Tuesday 20 August 2019

Comment - Denmark ran out of ideas in the face of Shane Duffy's dominance

Shane Duffy of Republic of Ireland signals to a teammate during the FIFA 2018 World Cup Qualifier Play-off 1st Leg match between Denmark and Republic of Ireland at Parken Stadium in Copenhagen, Denmark. Photo by Seb Daly/Sportsfile
Shane Duffy of Republic of Ireland signals to a teammate during the FIFA 2018 World Cup Qualifier Play-off 1st Leg match between Denmark and Republic of Ireland at Parken Stadium in Copenhagen, Denmark. Photo by Seb Daly/Sportsfile
James McClean
Eamonn Sweeney

Eamonn Sweeney

'A lot done, a lot more to do', as the man said. Yet there can be no denying that the route to Russia has come into much sharper focus after a stalemate expertly contrived by Martin O'Neill and his players. It might have been the furthest thing imaginable from a classic match, but it was a classic away performance.
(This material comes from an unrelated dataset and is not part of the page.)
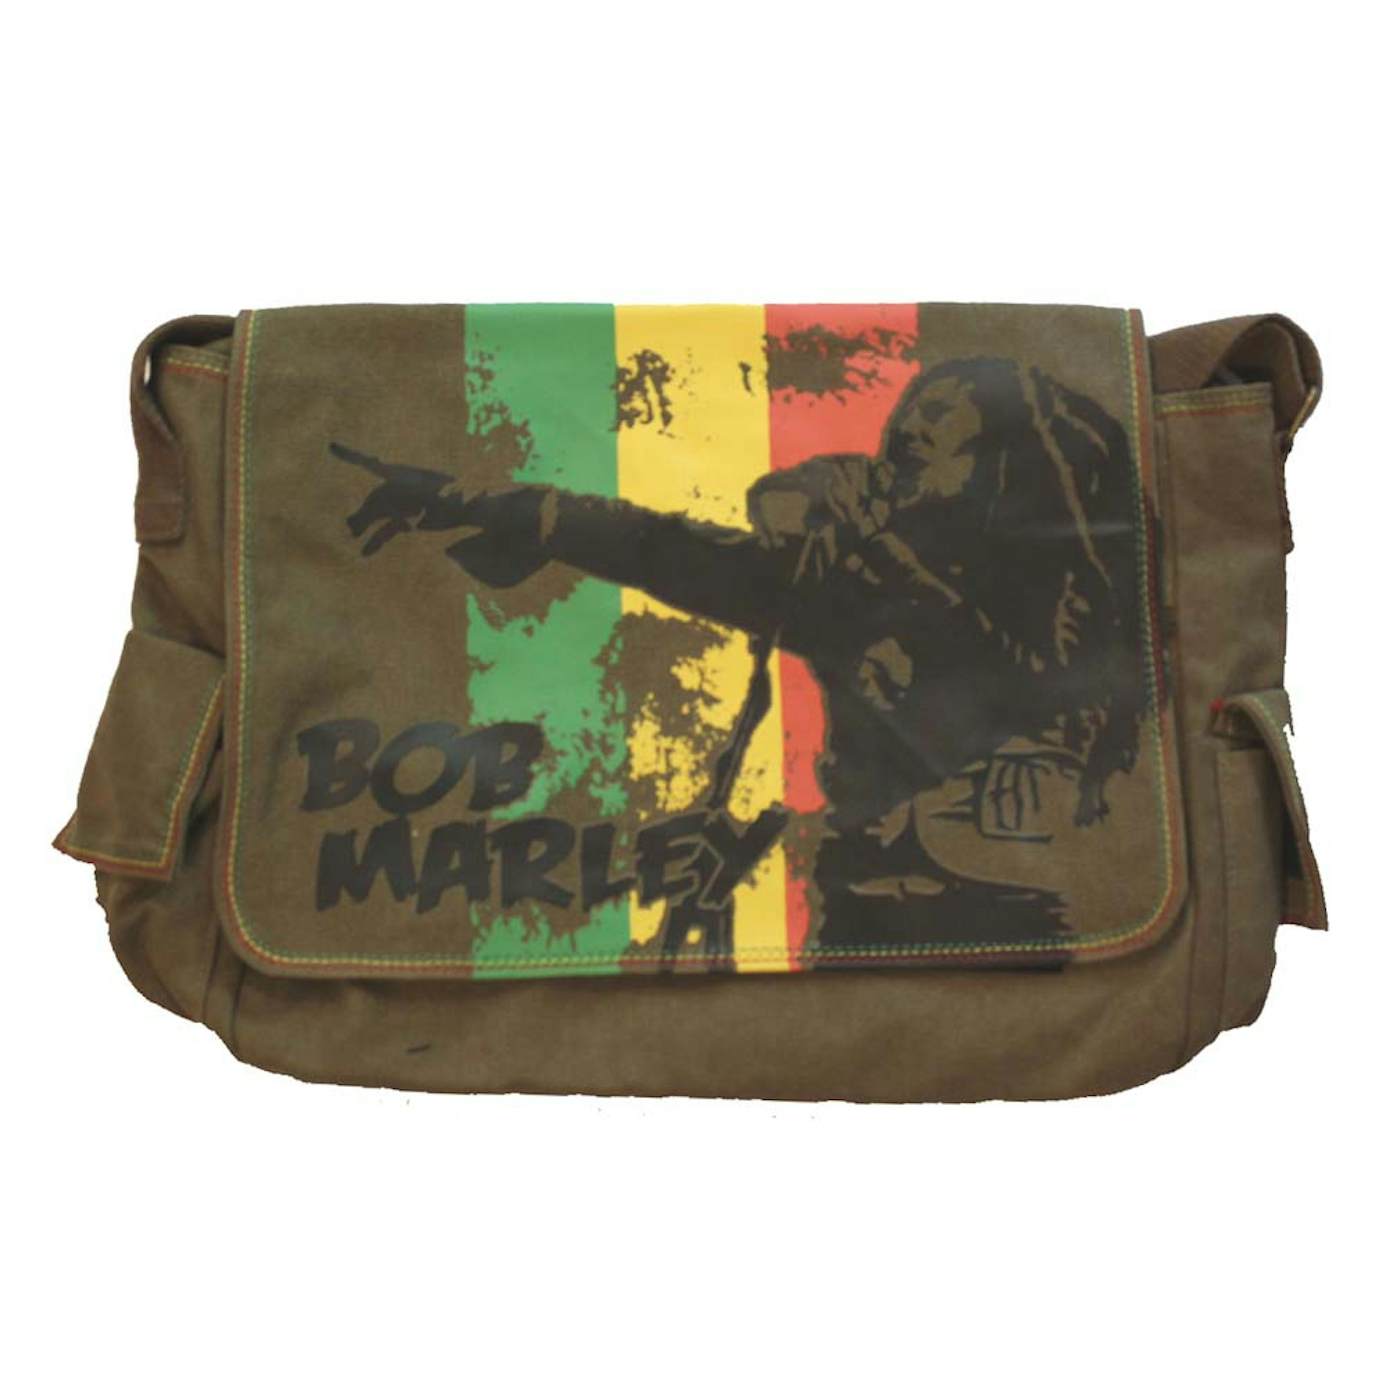 Bob Marley Marley Messenger Bag

It says everything about the game that after all our worry about Christian Eriksen, it was Denmark's unsung left-back Jens Stryger Larsen who proved to be the home team's main dangerman. It was Larsen who got round the back in the 13th minute before firing in a ferocious volley which brought a fine save from Darren Randolph, who whipped in a superb cross for Yusuf Poulsen to test the keeper near the end of normal time, and who had a shot deflected wide by Cyrus Christie shortly afterwards.

Eriksen's performance, on the other hand, mirrored that of his team. There were occasional skilful moments and suggestions that he might be about to cut loose, but in the end he seemed a frustrated figure, as little able to impose his personality on the game as Gareth Bale and Zlatan Ibrahimovic had been in their jousts against O'Neill's Ireland.

Predictions that Denmark would pass their way through Ireland proved ill-founded. Instead their main weapon was a diagonal ball aimed in the direction of the wing guarded by the inexperienced pair of Cyrus Christie and Callum O'Dowda. It seemed likely to pay dividends in the first twenty minutes but both Christie and O'Dowda grew in confidence as the game went on. By the end of the first half, Christie was getting forward to have Ireland's best chance of the match, only Kasper Schmeichel's shoulder preventing the breakaway goal which would have made this a smash-and-grab raid like that perpetrated in Cardiff.

It was a full-back's kind of night. If Denmark's creativity was stifled, Ireland's was non-existent on the night. Even by our own standards the failure to string passes together in the opposition half gave cause for concern. At times it looked as though we were trying to participate in one of those tactical kicking duels beloved of rugby union.

Yet there isn't much point raining the usual criticism down on O'Neill for not enabling the kind of creative football which would have been inappropriate on the night. The mission was to come away with a result which would set things up for the second leg. That mission was accomplished and the team's ability to almost always do what is required in a particular situation means we should face into Tuesday with confidence.

The late Danish flurry seemed to have a kind of urgency behind it which suggested they felt they needed a goal on the night. The reaction of their fans added to the impression of a home conviction that they'd blown their big opportunity. Only once did things pass out of Ireland's control. It was when Eriksen's shot was parried by Randolph into the path of Pione Sisto who had most of the goal to aim at. Sisto put his shot wide and his overall performance typified Denmark. All sizzle and no steak, the Celta Vigo man was withdrawn, the latest player to find out that Ireland are much more difficult opposition than they look at first sight.

Tuesday presents a different kind of challenge, yet anyone expecting Ireland to come out with all guns blazing will be sorely disappointed. We might not be as cautious as we were last night but chances are Denmark will dominate the possession stats yet again.

Yet the key thing in Copenhagen was that while Denmark's percentage share of the ball was generally in the high sixties, the game didn't seem that one sided. This was not your Stuttgart- or Moscow-style siege, it was a more relaxed affair, a blockade perhaps rather than a bombardment. This is a team we can beat.

The old cliché is that after the first leg of a match you're just at half-time. But with home advantage to come on what should be a very emotional night and with the possibility of an extra half-hour to get the job done if needed, Ireland will have the breeze and the slope behind them in the second half.

Will it be enough? Looking at the way that Denmark ran out of ideas here, at the dominance of Duffy, the hints from McClean of what he may do with better quality ball, the sense that Ireland were exerting their will on the game as time began to run out, you feel quietly confident about our prospects. Chances are Tuesday's game won't be a thriller in the football sense either. But it will have a nation on the edge of its collective seat.